#### Information supplied:
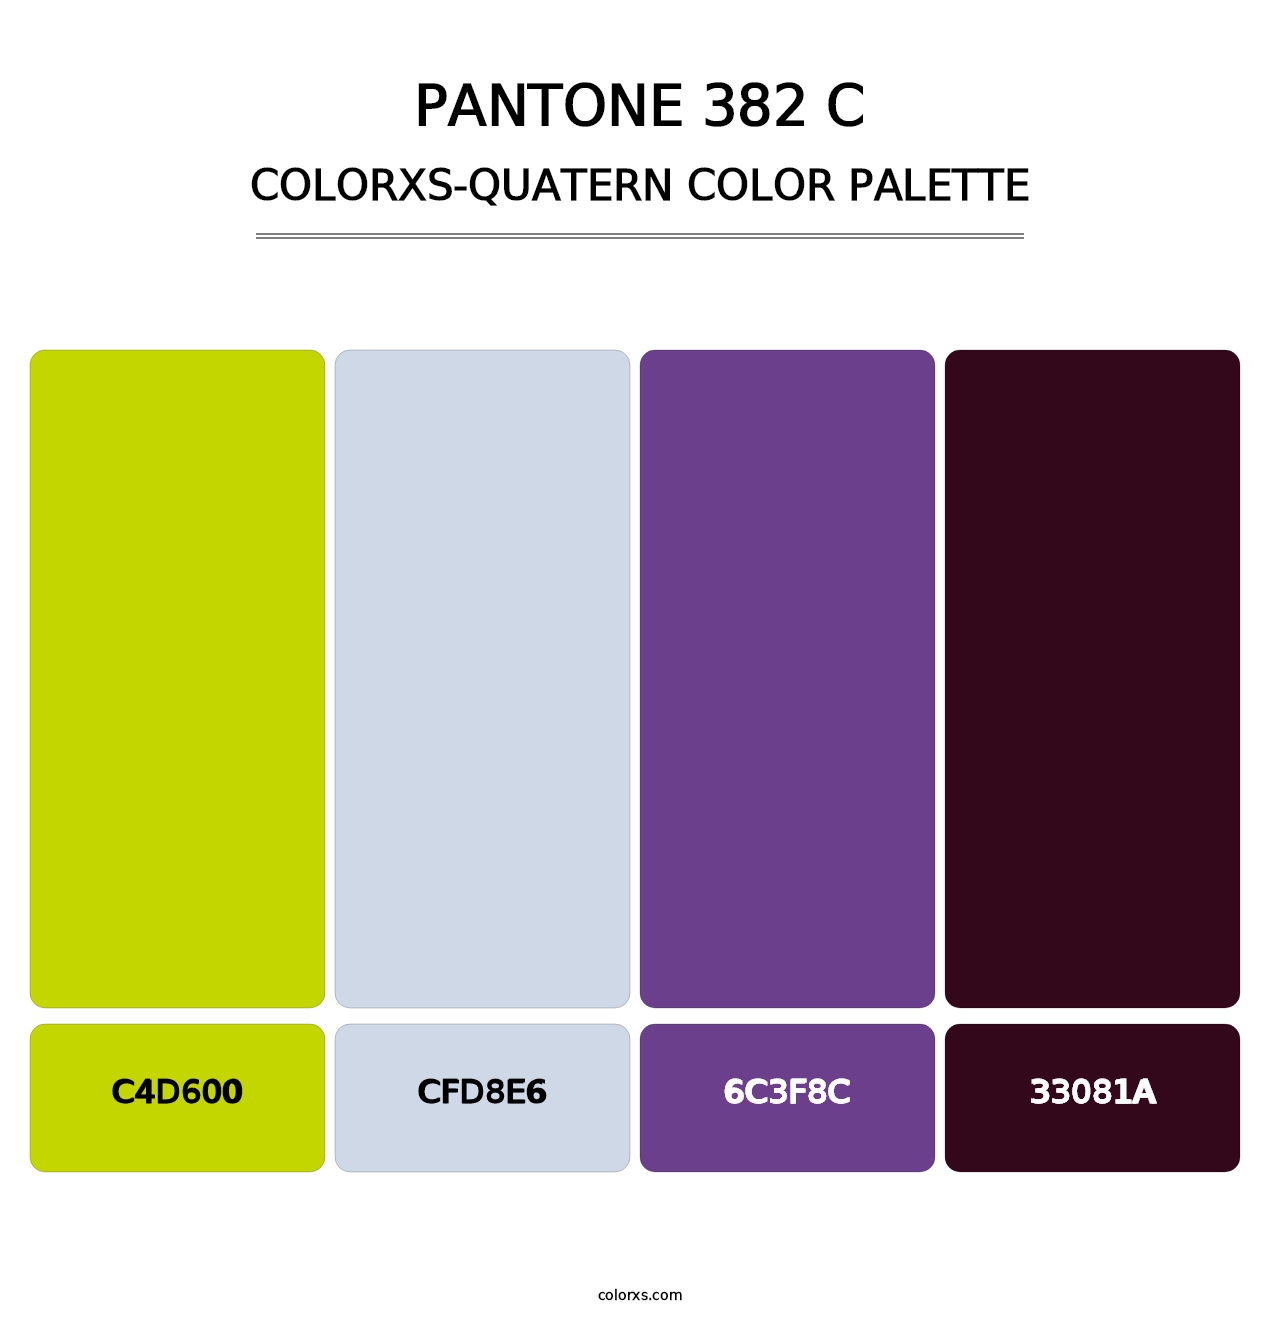 PANTONE 382 C - Colorxs Quatern Palette
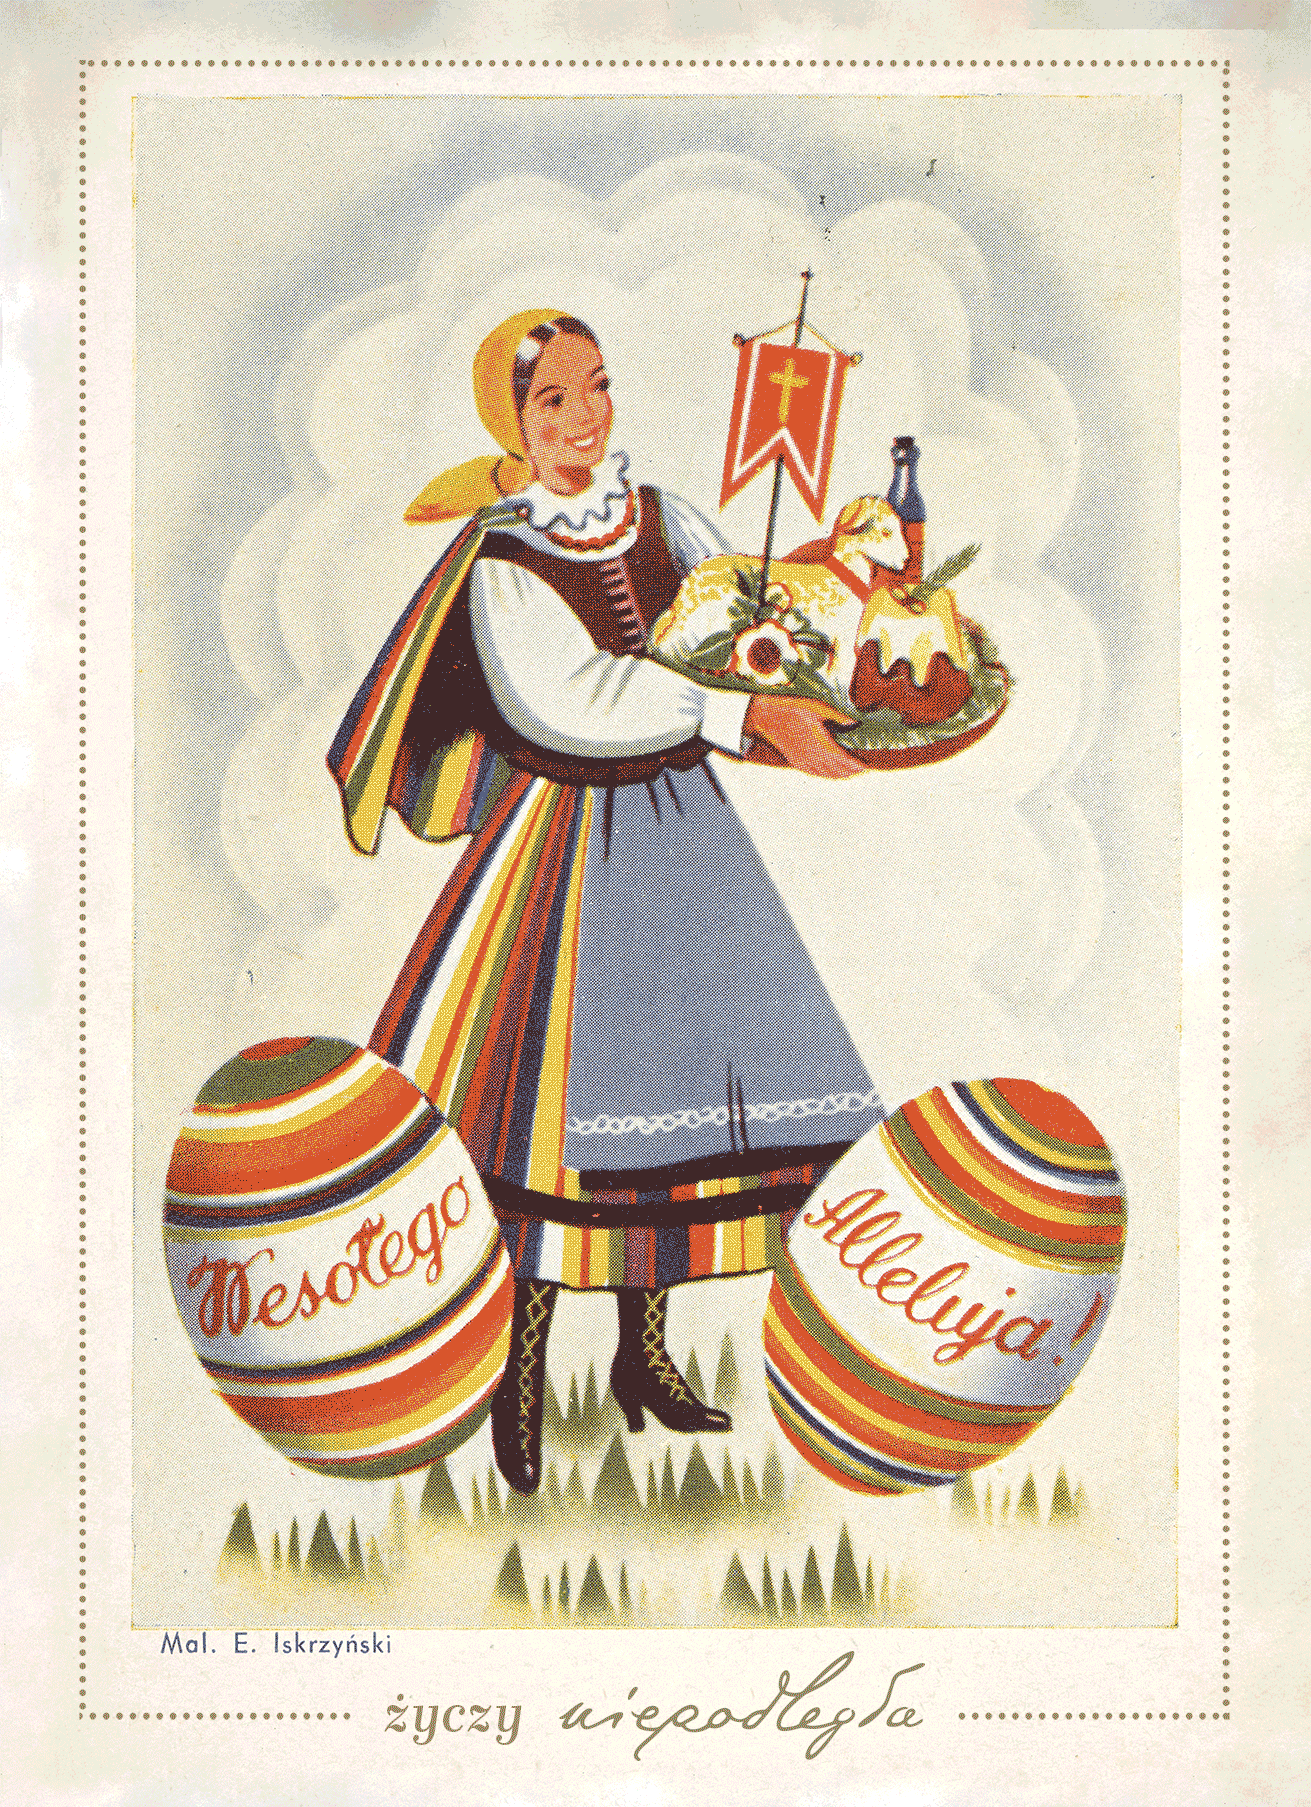 kartka wielkanocna z kobietą w ludowym stroju trzymającą wielkanocne potrawy, na dole pisanki
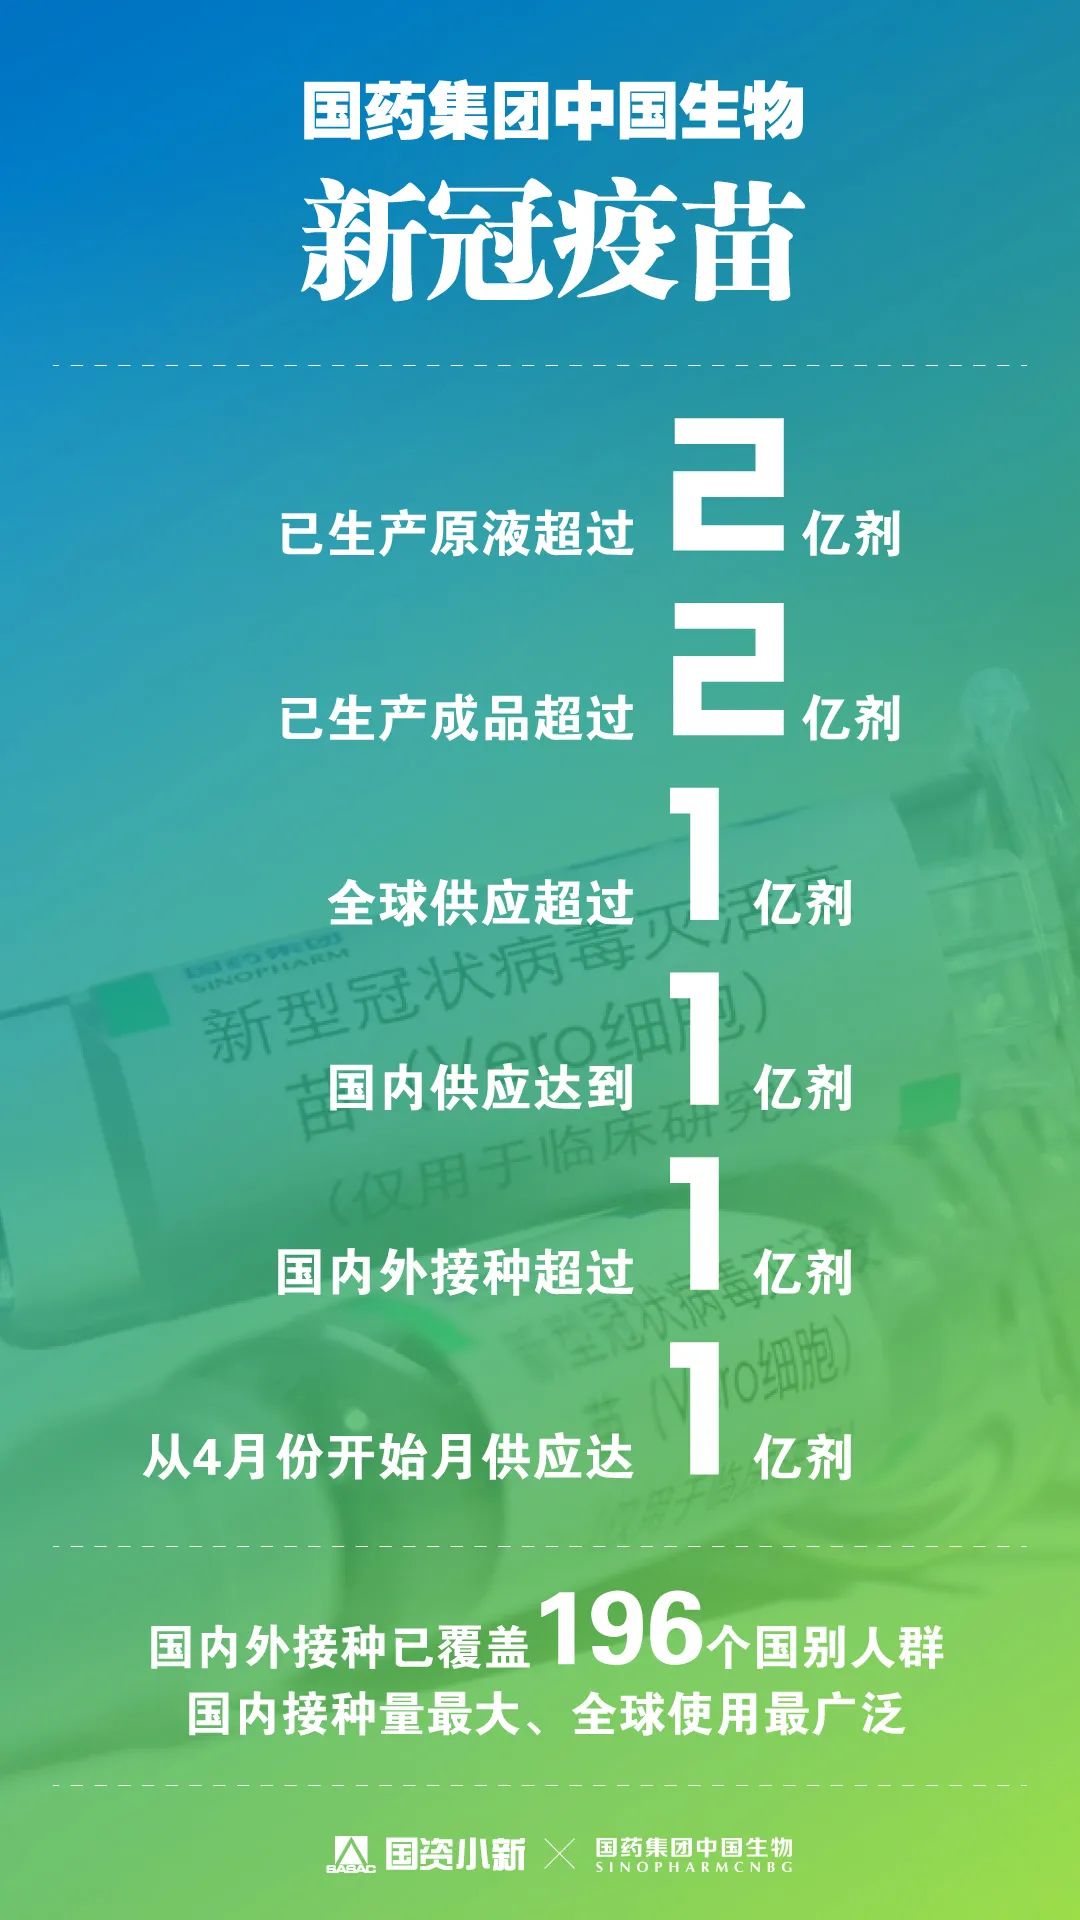 从“疫苗”到“亿苗”,6组数据带你认识了不起的中国疫苗

#### Work order:
Beginning with the line that contains "kartka wielkanocna z", write out the remaining lines of the listing above through the last, exactly and only those, without pictures.

#### Result of the exercise:
 kartka wielkanocna z kobietą w ludowym stroju trzymającą wielkanocne potrawy, na dole pisanki
 从“疫苗”到“亿苗”,6组数据带你认识了不起的中国疫苗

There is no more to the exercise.